What Your Customer Experience Strategy is Missing

By Gaurav Khandelwal | Aug 03, 2016

What could you do with $400 million?

For one major automaker, the answer was…not a whole lot. After deciding to invest in a large integration of their different procurement systems to simplify work for their suppliers, they rolled out the solution to their end-users, who quickly abandoned the system after having to go through five different screens to complete a simple task, which affected their ability to fill orders for customers and focus on their customers’ needs. This backlash eventually led the company to abandon the project after the price tag ballooned to $400 million, nearly double the estimate.

Too often, companies don’t take stock of the full set of drivers for their digital transformation strategy and see one or more of these drivers become their downfall. Instead of solely focusing on the end goal of customer experience, the functionality of new technology becomes a distraction and leads these companies toward the 60 percent of software development processes that product ineffective products.They also view their operations-side digital transformation practices as completely separate from the customer experience side. The problem is that the operations side is missing out on the crucial customer insights that are, for example, going back to product development. Use data to shore up the time for new product innovation and leverage a more agile operations practice to finely tune your products to customer needs.

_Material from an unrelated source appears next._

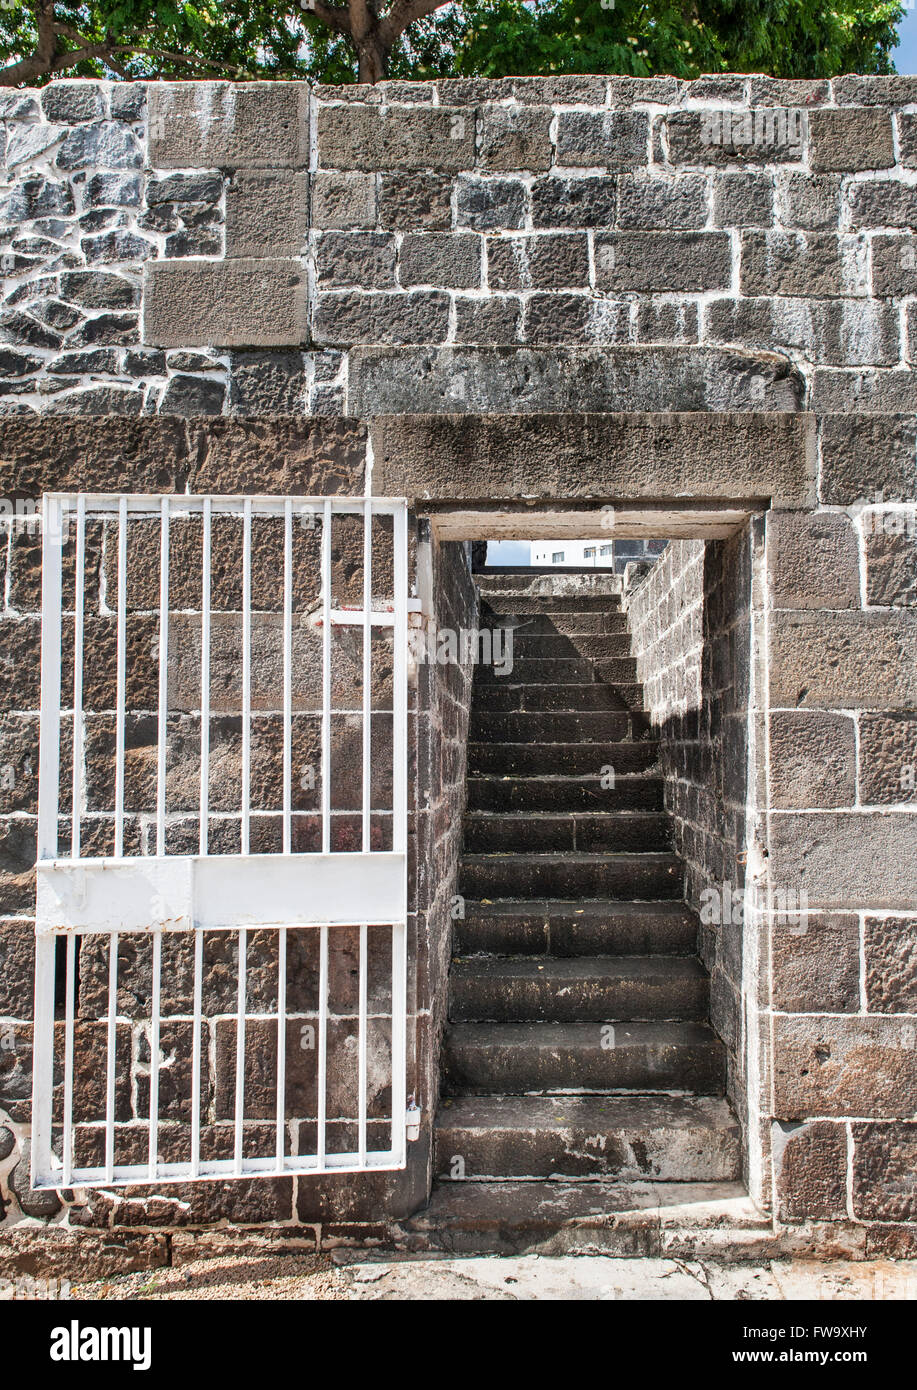 Schritte des Aapravasi Ghat (die Einwanderung Depot) in Port Louis, der Hauptstadt von Mauritius. Stockfoto

An interesting case study of this is the impact of modularization on the manufacturing industry. Eighty-five percent of BMWs are custom orders. It feels like true customization for customers, but in reality, it’s modularization where they are choosing modules to fit together, rather than say, having seat height match your exact preference down to the centimeter. The effects of this stretch back into the production line, which has to change in order to deliver mass modularization and a series of similar, yet not identical, products instead of identical product after identical product. Single Minute Exchange of Die, or shortening the amount of time it takes to change over production from one product to another, is no longer as relevant; it’s all about being able to customize from a mass production line.

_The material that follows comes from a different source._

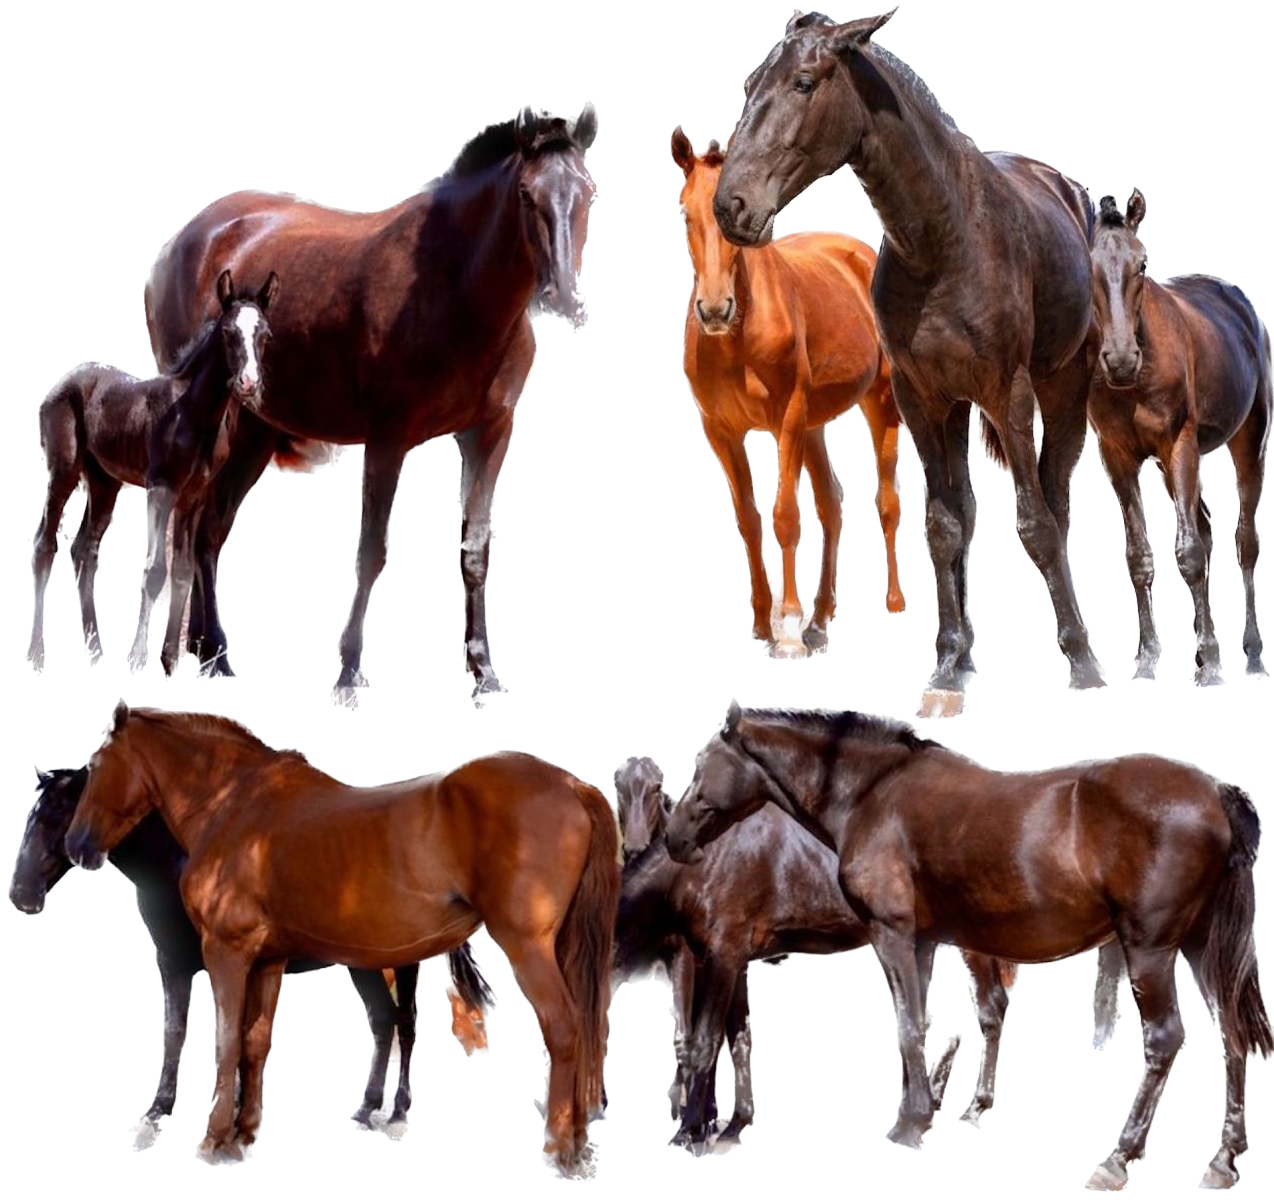 Menorcan horses

In order to accomplish massive transformation like the above example, the most crucial part is to take stock of each input to your digital transformation strategy. ChaiOne has extensive experience in helping companies create customer experience and digital transformation strategy, and we have been honing this framework for the last 8 years. We see many companies try to skip over one of these inputs, only to see lackluster results down the line.

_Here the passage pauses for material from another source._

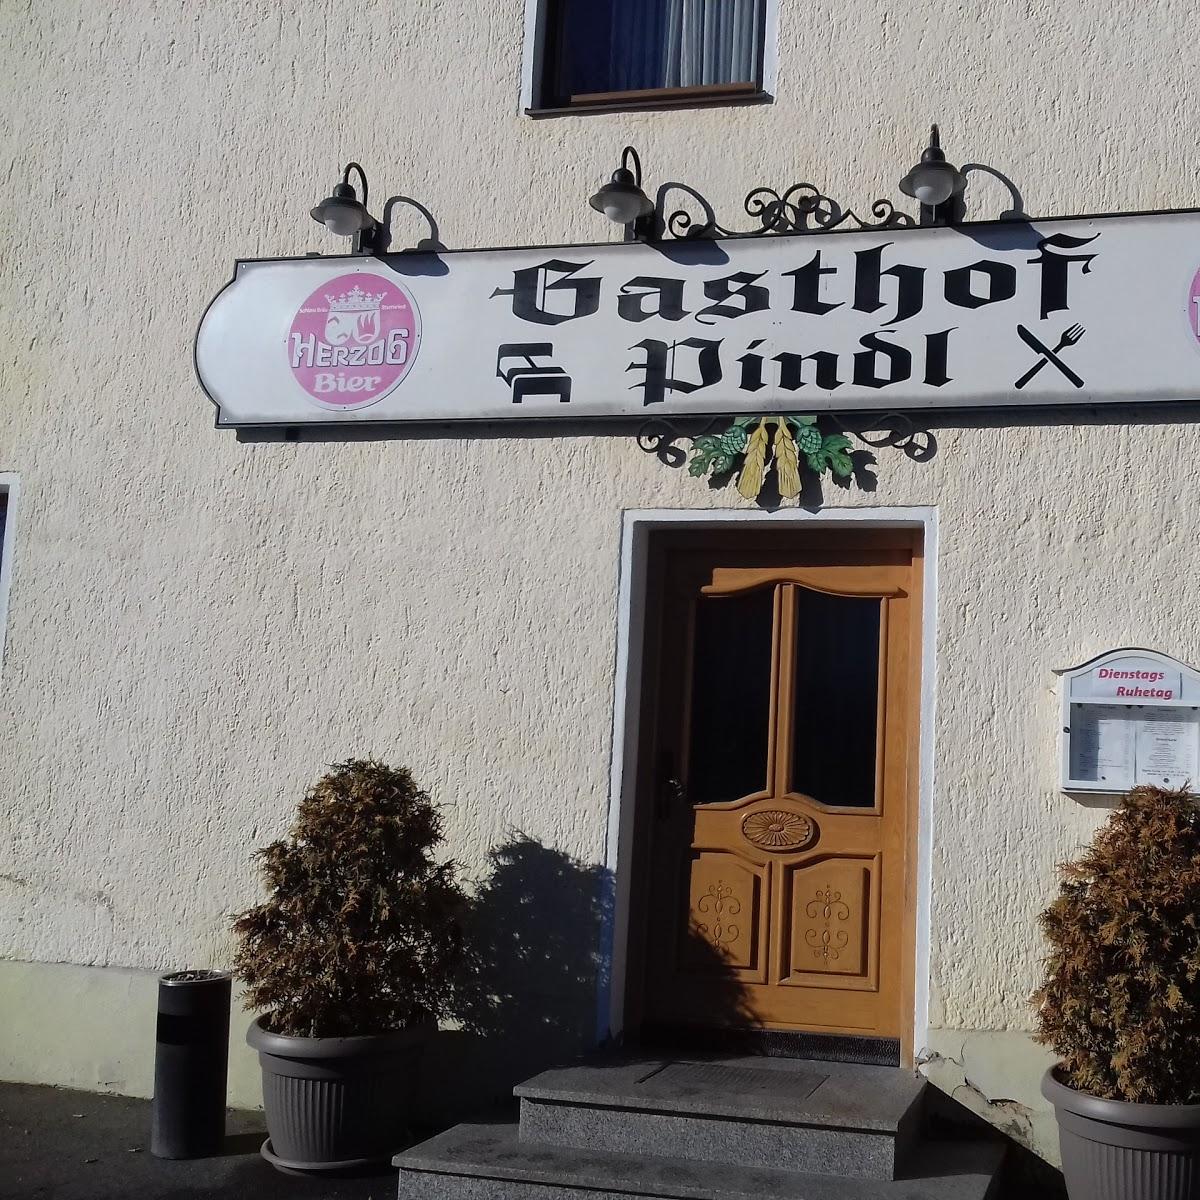 Restaurant "Landgasthof Pindl" in  Walderbach

  1. First, look at the processes that are occurring and uncover where the productivity and efficiency breakdowns occur, for both employees and customers.
  2. After identifying the business KPIs that need to improve, the next step is to drill deeper into these issues by performing contextual inquiries, user interviews and other user research with your employees, and then your customers.
  3. Once you have both the business KPIs merged with the user needs, the next level is to identify the insights that you have to drive your technology selection and portfolio strategy. Distill user problems and business needs to their root causes to determine the solution, and then calculate the potential costs of that solution. Once this is determined, prioritize this project or projects against the portfolio of user needs.
  4. The next and final input into your strategy to examine how your insights, user needs and business KPIs fit into your business model and whether that business model itself needs to evolve. What are the threats coming from disruption? How does this business model compare to a lean startup?

One of the biggest issues that we see with our clients is that they do not realize that their digital and mobile products are never finished, along with their strategy. It’s important to keep iterating on your customer experience because customer preferences are constantly changing. Use your Net Promoter Score as a benchmark for each customer experience and constantly test how your the products that are a part of the customer experience affect the Net Promoter Score.  

How are you thinking about your customer experience? Where are you on your Digital Transformation journey?